Lawyers are going now for 10 years contemplating The End of Lawyers? and how legal services organizations might be configured in the future. New taxonomies have emerged: Big Law, Mid Law, Alternative Services Providers, legal process managers, and more.
The thinking of economist Robert Coase has been rediscovered. Coase wrote The Nature of the Firm. Firms are needed, he said, only where performing functions within an enterprise costs less than outsourcing.
And so lawyers have taken Coase for guidance in how to build law firms. They ask themselves what advantages are won by taking functions in-house (specialty practices, IT, etc.) and what functions should be outsourced. “Full service law firms” are a challenged model. Is it better to be a one-stop organization, possibly with multiple offices; or a niche-oriented, highly networked shop?
But, wait. Are law firms asking the right question?
The driving question is not so much how law firms should be configured. It is how will clients configure themselves? Can businesses obtain legal services better in-house or outside? If they go outside, are they better served by law firms or alternatives?

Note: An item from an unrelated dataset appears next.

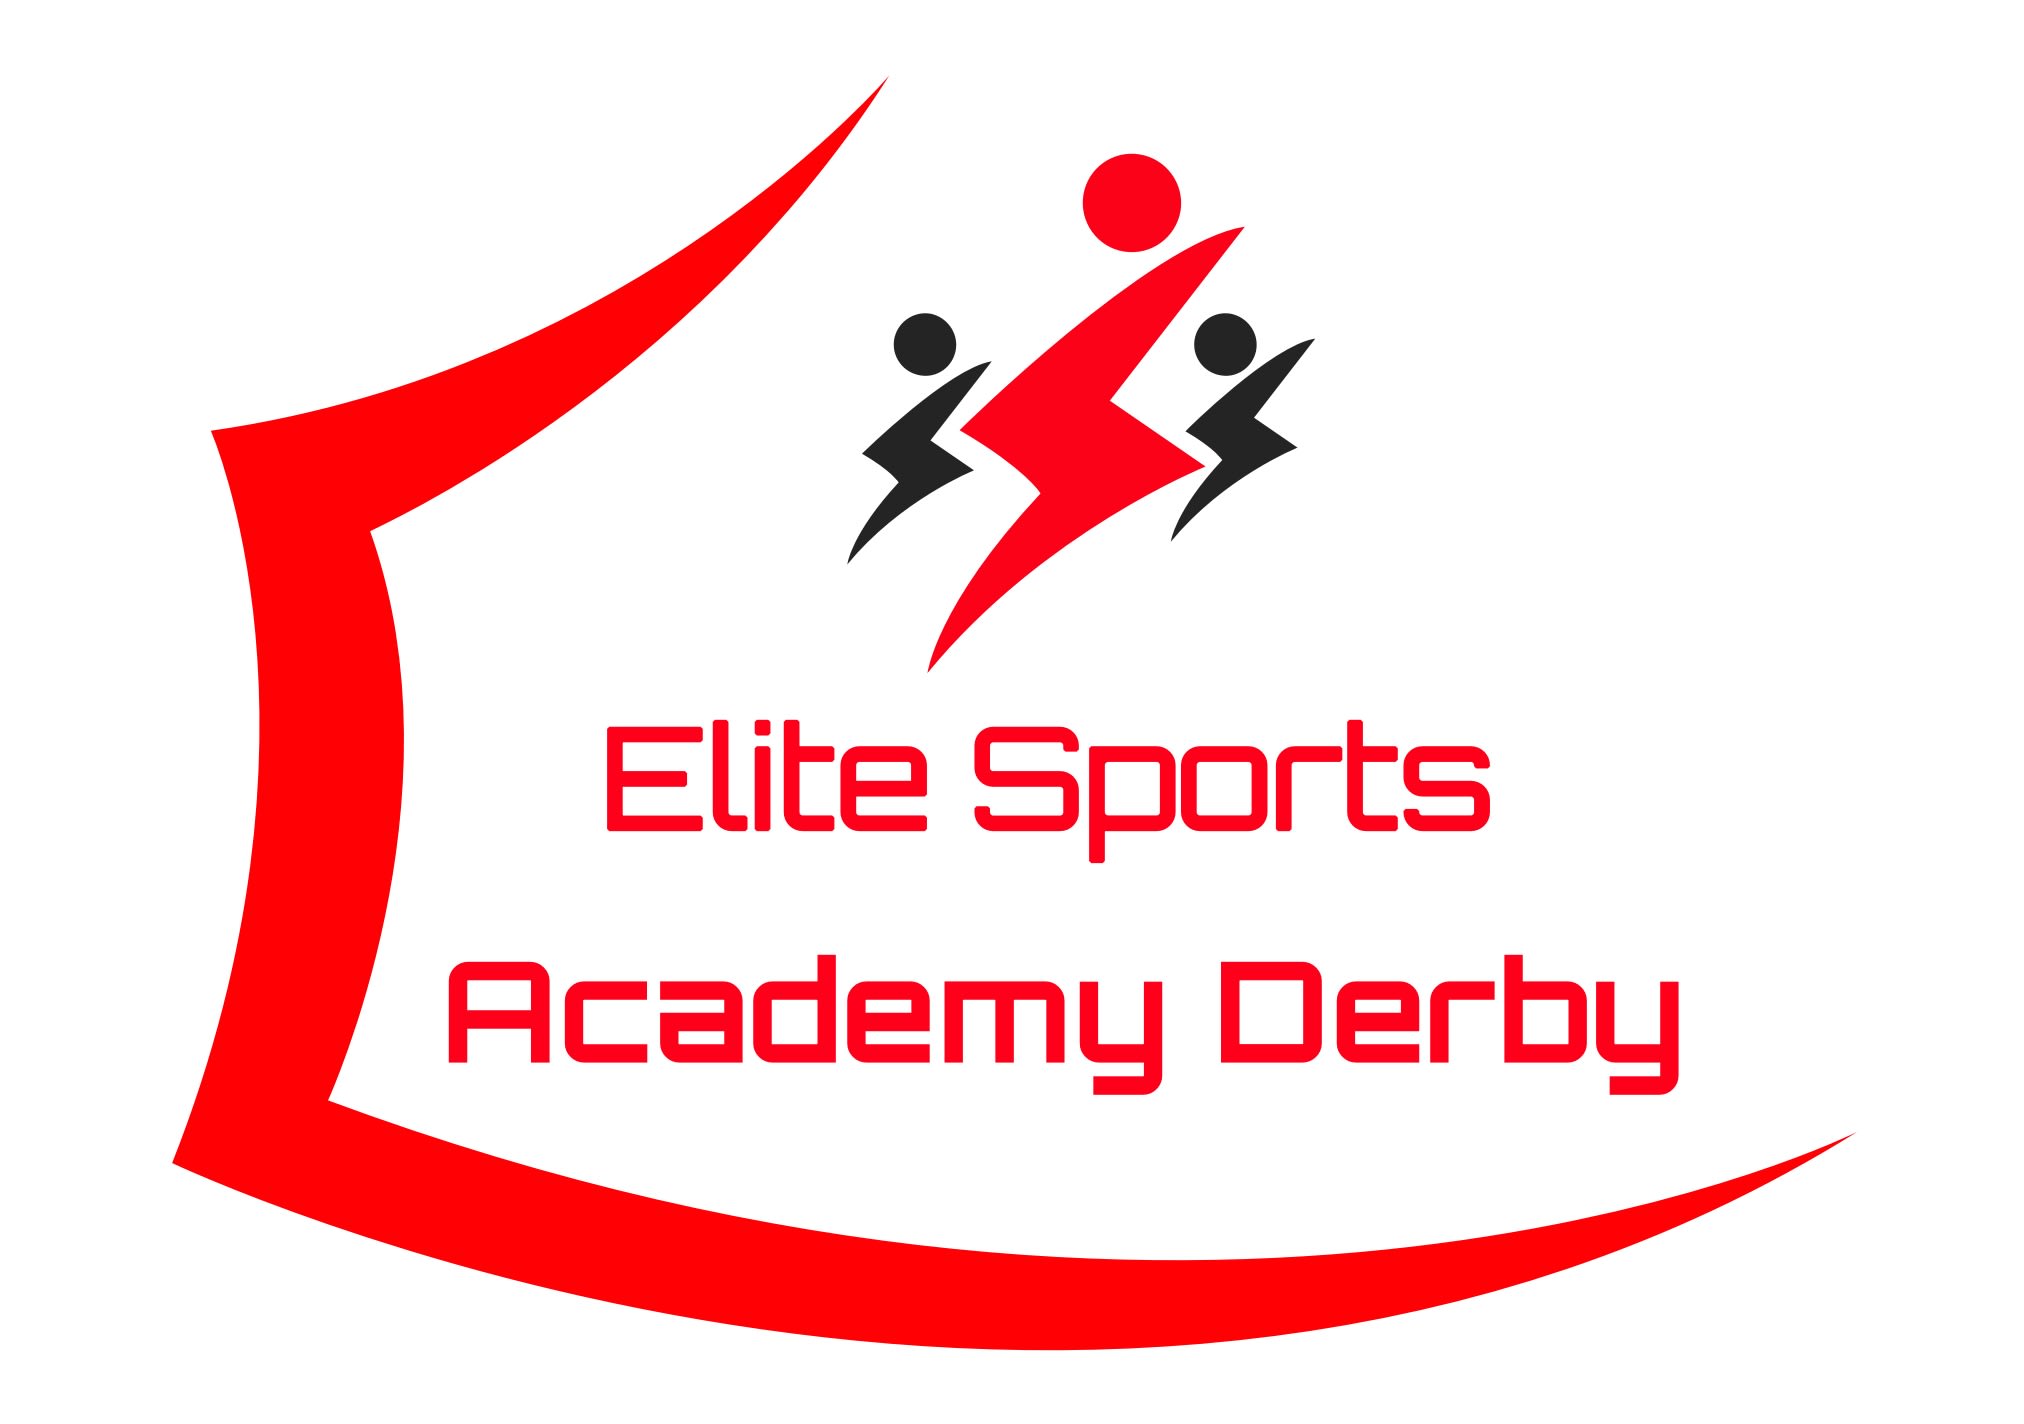 Elite Sports Academy Derby
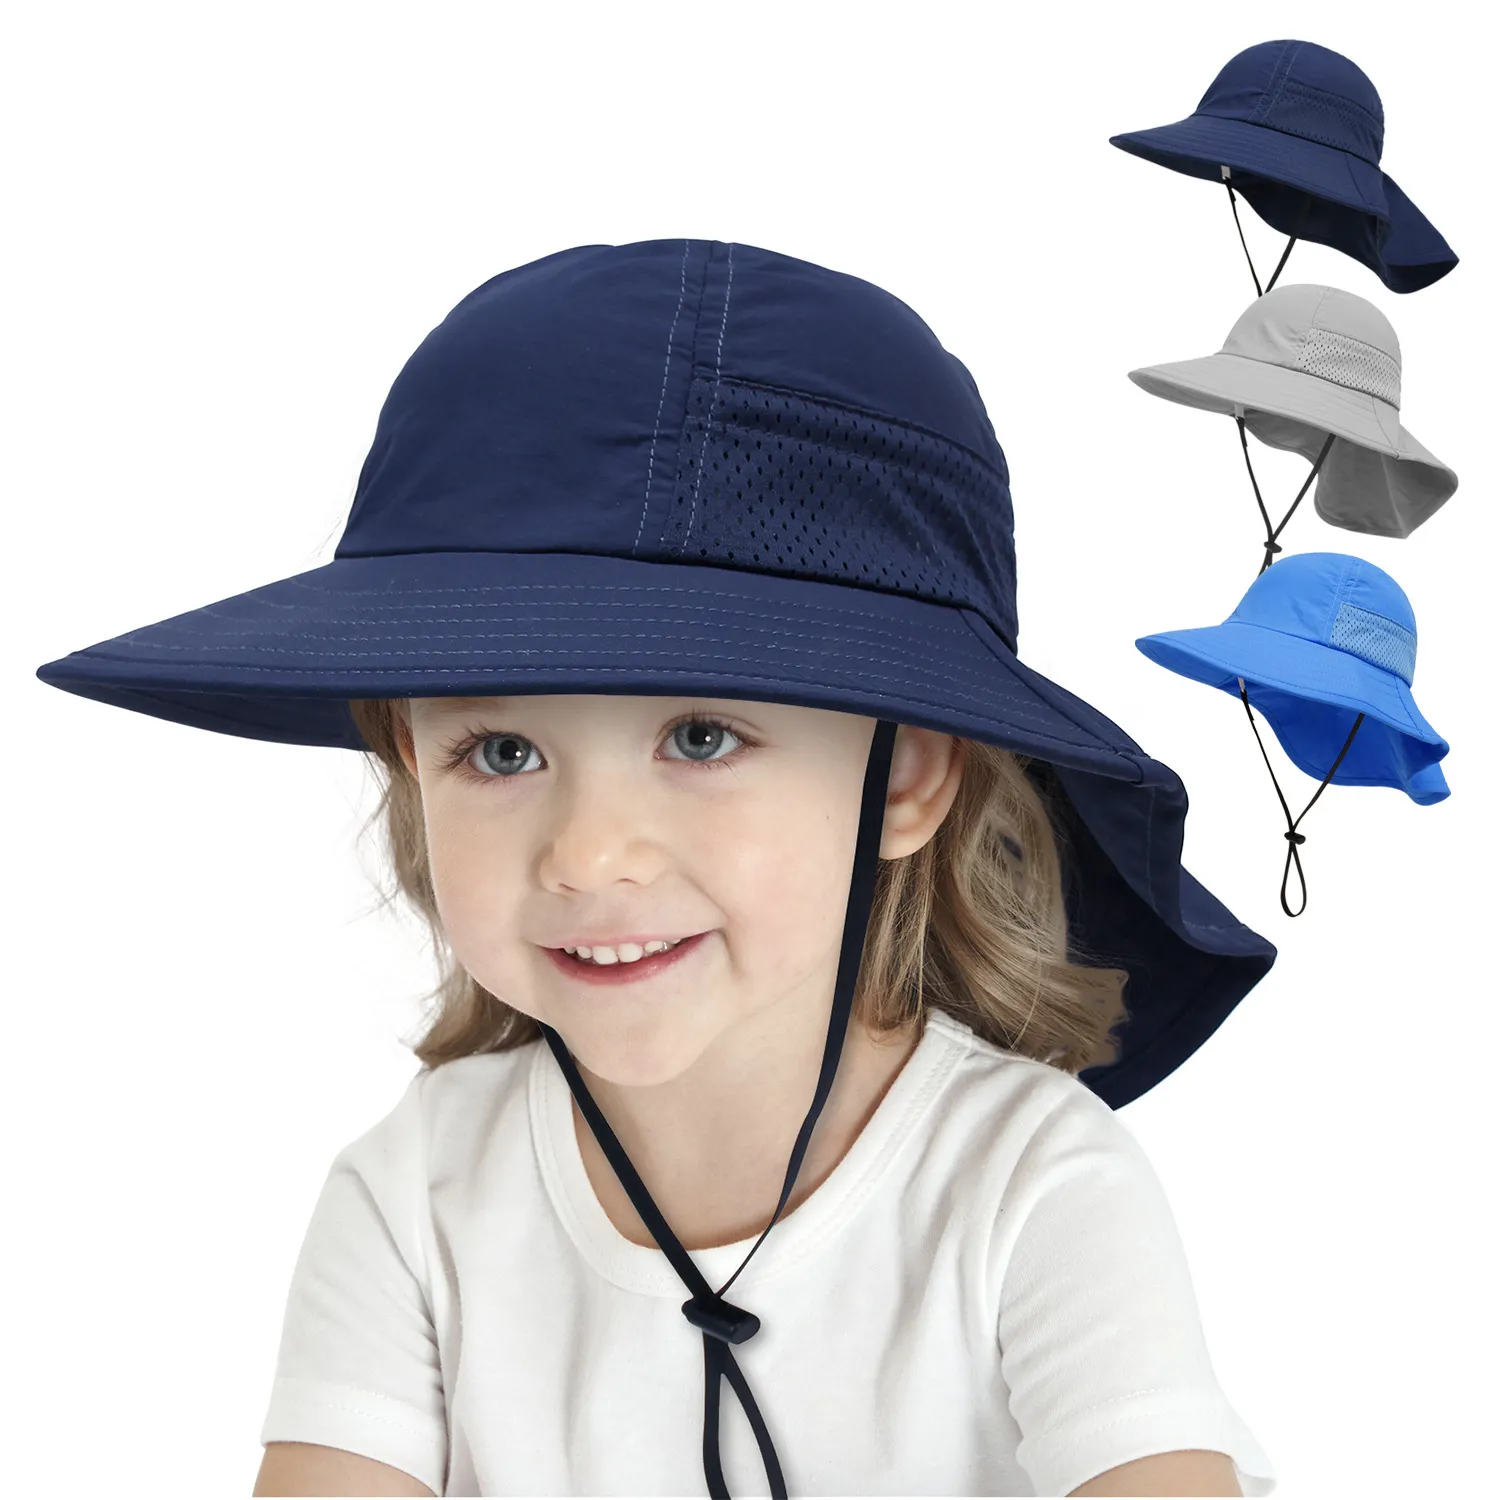 Baby emmer hoed buiten strand kinderen zon beschermen caps puur kleur licht gewicht ademend gaas kinderhoeden met cape

For law firms, the truly strategic question is not whether they need an ERISA capability, or a healthcare practice. It is what services will clients do for themselves? And, when clients choose to go outside, what can a law firm do better and cheaper than alternative providers? These are questions that are answered quite differently, depending on the size, location and practice competencies of different law firms.
The concept that legal services are best delivered from a stand-alone professional services partnership – in order to assure independence, competence and objectivity – has modest appeal for clients who have concluded that they can obtain the same services more efficiently elsewhere.
What can traditional law firms do best by these measures?
It’s about the client’s economics, not the law firm’s.